Percy Jackson had never liked mirrors.
Not because of what he saw—but because sometimes, just sometimes… something else looked back.
It started with the eye.
Not his normal sea-green one. The other one.
In dreams, it burned.
A harsh, crimson glow—like a targeting beam cutting through smoke and ash. Like judgment.
Like war.
The Dream
Percy stood on a battlefield that wasn't Earth.
The sky was choked black with ash. The air tasted like metal and fire. Towering walls—hives, cities stacked into the clouds—burned under an endless tide of green-skinned monsters roaring for blood.
And Percy—
No.
Not Percy.
He looked down.
A black greatcoat. A peaked cap. A body held together by scars, iron, and pure stubborn refusal to die.
His right arm wasn't his own.
A massive claw—brutal, alien, stolen.
And when he raised his head…
The world flinched.
Because they knew him.
Because even the monsters feared him.
Because he was—
Sebastian Yarrick
"Hold the line!"
The voice came from Percy's throat—but it wasn't his voice.
It was older. Harder. Forged in decades of war.
Soldiers rallied. Not because they believed they would live…
…but because he had told them to stand.
And that meant something.
Memory Bleeds Through
Percy staggered back into himself—half in the dream, half out.
Names slammed into his mind like artillery fire:
Armageddon
Hades Hive
Ghazghkull
He knew them.
Not like facts.
Like scars.
He remembered holding a city that should have fallen—holding it through sheer will while the enemy closed in from every direction.
He remembered losing an arm… and refusing to die. Killing the warlord who took it—and taking its weapon as his own.
He remembered replacing his own eye with something terrible… something that turned fear itself into a weapon.
The Old Bale Eye.
Percy woke up gasping.
Camp Half-Blood was quiet.
Too quiet.
The Shift
He sat up, hands shaking.
"Okay," Percy muttered. "Cool. Awesome. Past life as a space war grandpa. Totally normal."
But the joke didn't land.
Because something inside him had changed.
The next day during sword practice, Clarisse came at him hard—too hard.
Normally Percy would dodge, counter, keep it fluid.
But this time…
He didn't move.
He held.
Took the blow.
Stepped forward.
And in a voice that wasn't entirely his own, said—
"Advance."
Clarisse froze.
Not because of the word.
Because of the weight behind it.
Annabeth Notices
Annabeth found him staring at the lake that night.
"You've been different," she said quietly.
Percy didn't look at her.
"Have you ever felt like… you didn't start here?"

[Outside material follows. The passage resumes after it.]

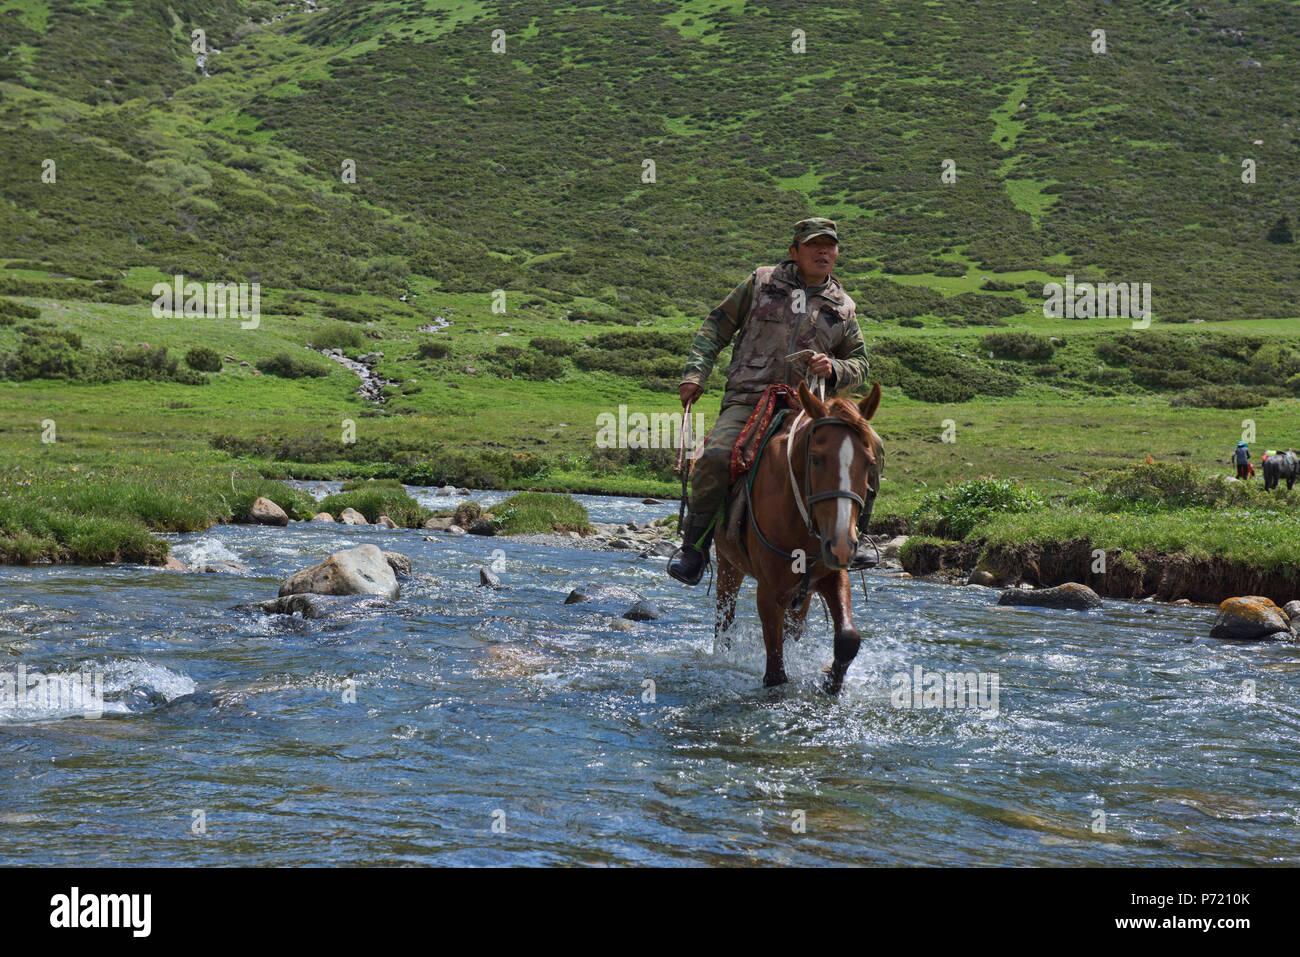 Kyrgyz horserider crossing the Tup River, Jyrgalan Valley, Kyrgyzstan Stock Photo

Annabeth frowned. "Reincarnation stuff?"
Percy let out a weak laugh.
"More like… I remember dying. A lot. And every time I just—kept going."
He hesitated.
"Annabeth… I think I was someone else."
She didn't dismiss it.
She never did.
"Who?"
Percy finally turned.
And for a split second—
His eye glowed red.
"A commissar," he said. "A soldier. Someone who didn't win because he was strong…"
He swallowed.
"…but because he refused to lose."
The Truth Settles
That night, Percy didn't dream.
He remembered.
Not battles.
Not glory.
But something deeper.
Standing alone as a child on a dead world.
Learning to survive when no one came.
Fighting not because he believed he'd win—
…but because if he didn't fight, humanity would lose.
Percy clenched his fists.
Water stirred around him, reacting to his emotions.
Different now.
Sharper.
Colder.
"I was him…" Percy whispered.
Not fully.
Not anymore.
But the will?
The refusal to break?
The ability to stare down something bigger, stronger, unstoppable—
…and say no?
That stayed.
Final Scene
Far away—
Something ancient stirred.
A war god.
A titan.
Something that understood battle on a level Olympus barely grasped.
And for the first time…
It hesitated.
Because it felt it.
That presence.
That impossible, stubborn, defiant thing that refused to die.
Not just a demigod.
Not just a son of Poseidon.
But something older.
Harder.
A boy who had once been a man…
Who had once been a legend…
Old Bale Eye.
And Percy Jackson smiled—
Not kindly.
Not gently.
But like someone who had stared into endless war…
…and decided the universe didn't get to win.